For ANZ, Timor is going places

Herald Sun

Fleur Leyden Banking

July 27, 2009 12:00am

IT MAY look like any other suburban bank, but ANZ's Dili branch is one of the group's fastest growing outlets in the world.

Customer foot traffic has been increasing by 2 per cent a week for over a year, new accounts are up 80 per cent over the past year, while lending has doubled.

As one of only three commercial banks in the country, ANZ is operating in an economy which last year had the second-highest growth rate in the world and which has also managed to avoid the wrath of the financial meltdown.

Despite being one of the world's poorest nations East Timor has $US4.75 billion-plus ($A5.8 billion) in oil and gas revenue invested in US Treasury bonds.

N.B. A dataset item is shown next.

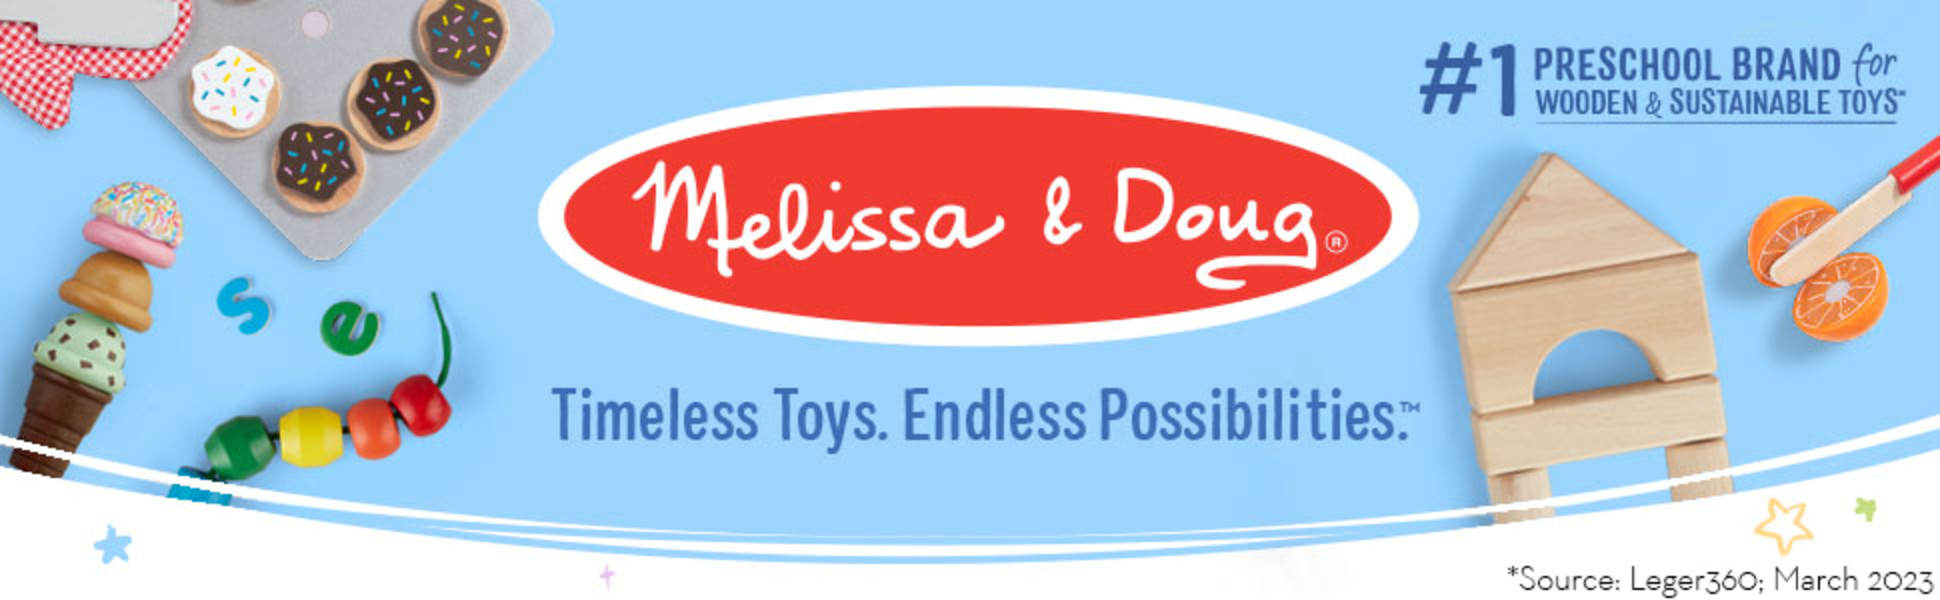 Melissa & Doug Smoothie Maker … curated on LTK

The government of Prime Minister Xanana Gusmao last year dipped into this so-called Petroleum Fund to lift the nation's yearly budget by more than 120 per cent to $US788 million, allocating $US240 million to an economic stabilisation fund to combat rising fuel and food prices.

This money is beginning to flow through to the streets of Dili, where most people still live on less than $US1 a day.

Chris Durman, chief executive of ANZ Timor-Leste, says more people are doing business in the fledgling nation, foreign investment is beginning to trickle in and the tourism trade is beginning to sprout wings.

"It's just going gangbusters here year on year," he told BusinessDaily.

"We are seeing more and more backpackers in the streets, there are backpacker lodges, the hotels are doing a roaring trade and through all this we'll have the Tour de Timor (cycling event) which I believe has attracted some of the most senior cyclists from around the world."

Government figures reveal that 3500 cars were registered in the March quarter, up from 600 in the same period two years ago.

Combined lending across the country, between all banks and micro-lending institutions, cracked $US100 million in the first three months of this year.

And 10,000 people visited the country between January and March, a fifth of these from Australia.

Vital infrastructure such as roads and transport services still need to be developed and a regulatory framework for business needs to be established so foreigners can operate in the country with confidence.

But Mr Durman says the future is "incredibly bright".

"ANZ is extremely confident and bullish about the future," he says.